Мои глаза увлажнились.

— Таддео, мне нужно исповедаться.

— Сейчас пришлю тебе капеллана.

— Нет, хочу исповедаться тебе. — Я глубоко вдохнул. — Ты должен знать, что, когда начались эти события в Париже, я находился под арестом и ждал суда орденского капитула.

— По какой причине?

— Позорный поступок. Но тебе я должен признаться в нем, потому что мне необходимо облегчить совесть. Я украл… — Понимание, что излучали глаза Таддео, придало мне силы продолжать. — Я украл драгоценное распятие и проиграл его в Таро.

Таддео задумался, но ненадолго.

— Тебе отпустили грехи на исповеди?

— Да.

— Так решил Господь, и не мне что-то добавлять. Дорогой друг, получи отпущение и от меня.

Как бы закрепляя свои слова, он налил мне вина и выпил сам.

Мы обнялись.

А потом Таддео рассказал мне о том, какие события привели его в Эльзас. По завершении священных войн, примерно около 1290 года, почти все рыцари, ушедшие в Крестовые походы, вернулись в Европу. Таддео с меченосцами предпочли остаться и посвятить себя необычному делу.

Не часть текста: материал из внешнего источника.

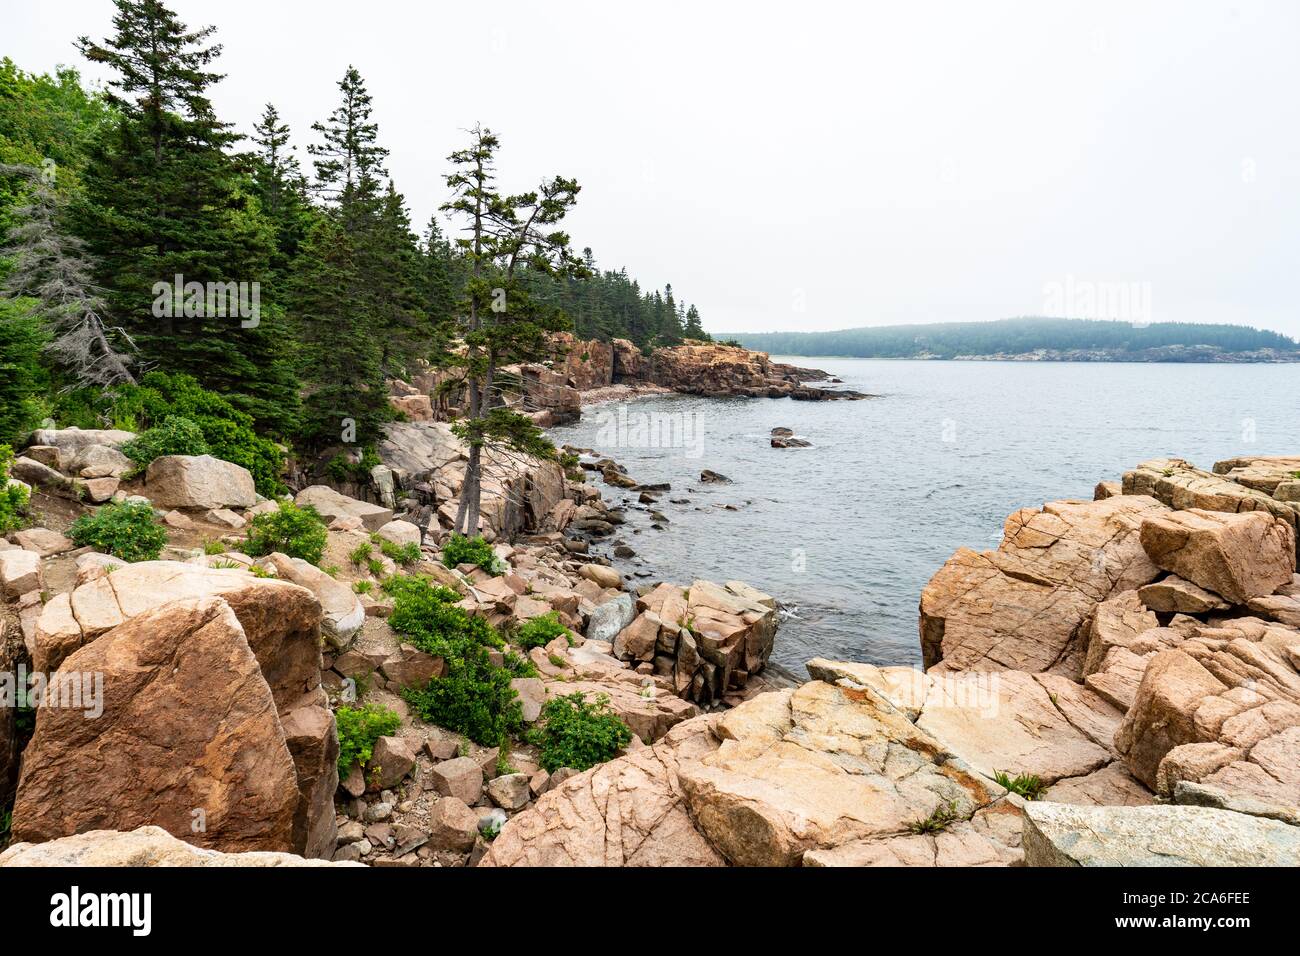 Des rochers de granit robustes et des arbres verts luxuriants bordent la côte du Maine dans le parc national Acadia. Banque D'Images

Не различая флагов, они садились на торговые корабли и защищали их от нападений пиратов. В 1308 году, разбогатев, рыцари решили вернуться на родину.

— И куда же вы направились? — поинтересовался я. — Ведь балтийские земли были подвластны Тевтонскому ордену, и я не думаю, чтобы вам хотелось вернуться туда.

Таддео улыбнулся:

— Да, я поостерегся делать это. Мне хотелось обосноваться южнее, недалеко от твоего города.

— Я родился в Штутгарте, но совсем не знаю его. Я был еще ребенком, когда мой отец оставил семью и отправился сражаться в Палестину, взяв меня с собой.

— Оставайся с нами, Гельмут. Мы обоснуемся в каком-нибудь спокойном аббатстве, дабы предаваться созерцанию и богоугодным делам.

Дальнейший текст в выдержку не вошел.